Tüm bunlara bakıldığında aşılamada istenilen düzeyi tutturup küresel bir bağışıklama sağlayarak pandemiyi durdurma olasılığının maalesef çok yüksek olmadığını söyleyen Prof. Dr. Özlü, “Ancak aşı işe yaramıyor mu, yarıyor. Yani aşılanan kişiler kendini koruyor. Sadece hayatı normale döndürmek için aşılama konusunda istenilen hedefi yakalamak zor görünüyor ama imkansız da değil. Şu an geldiğimiz nokta bu” diye konuştu.

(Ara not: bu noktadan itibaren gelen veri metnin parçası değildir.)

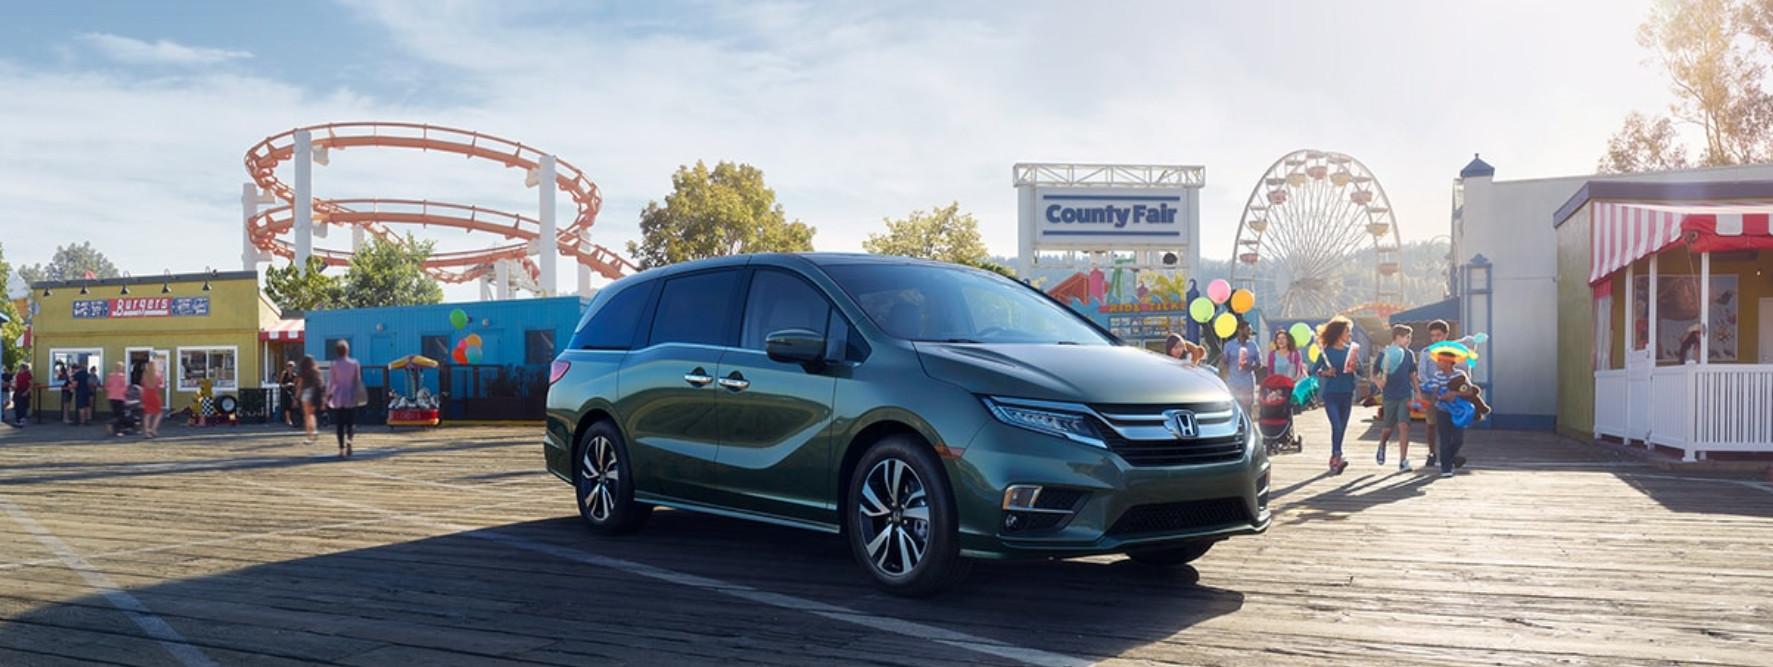 2020 Honda Odyssey for Sale near Sleepy Hollow, IL

“Üçüncü dozda diğer dozlara oranla daha fazla yan etki yaşar mıyım?” diye soranlar için ise Özlü, “Yan etki konusuna gelince bu aşıların standart yan etkileri belli. Yan etkilerin kimlerde, nasıl, ne sıklıkta görüldüğü de tespit edilip yayınladı. İkinci ve üçüncü dozdan sonra ortaya çıkan ekstra bir yan etkiye dair bilgi yok” açıklamasında bulundu. Tüm bu bahsedilen yan etkiler birinci dozda, ikinci dozda ya da hatırlatma dozunda da görülebilir ya da görülmeyebilir. Birinci dozda görülen yan etki ikinci dozda görülmeyebilir, iki doz aşıda yan etki görülmeyip hatırlatma dozunda bunlar yaşanabilir” diyen Özlü, şu bilgileri de paylaştı:
“Bazen düşük bir olasılığa rağmen tüm dozlarda bile bu yan etkiler ortaya çıkabilir. Tıpta yarar-zarar oranı dikkate alınarak uygulama yapılır. Kovid-19 aşılarıyla ilgili yapılan çalışmalar ve gerçek hayata dair veriler bu aşıların olası zararlarının, elde edilen yarara göre çok çok düşük olduğu ve bu aşıların güvenli olduğu yönünde. Üçüncü doz için de bu bilgiler geçerli. Bu dozda daha farklı yan etkiler görüldüğüyle ilgili bir yayın, bir makale ben okumadım.”
Peki, üçüncü doz sonrası dördüncü doz da bizleri bekliyor mu? Daha ne kadar süre aşılanmaya devam edeceğiz? Prof. Dr. Tevfik Özlü, hatırlatma dozlarının miktarı ve sıklığı konusunda şu an kesin bir bilginin mevcut olmadığını söyledi. “Kovid-19 yeni bir hastalık, bu virüs yeni bir virüs. Zaman içerisinde tekrar bir hatırlatma dozu gerecek mi, ne zaman gerekecek, ne sıklıkla hatırlatma dozu gerekecek henüz daha bu konuda elimizde veri yok” diyen Özlü, sözlerini şöyle sürdürdü: “Ancak mesela grip aşısı söz konusu olsa her sene yaptırmanız gerektiğini söylerim. Tetanoz aşısının da her 10 yılda bir yapılması gerekiyor. Bunlar için standart oluşmuş durumda.”
Kovid-19 için ise verilerin takip edildiğini belirten Prof. Dr. Tevfik Özlü, “Hatırlatma dozundan sonra bir hatırlatma dozu daha 1 yıl sonra mı yoksa daha uzun bir zaman sonra mı yapılır bilemiyorum. Bu sorunun cevabı henüz belli değil” diyerek sözlerini noktaladı.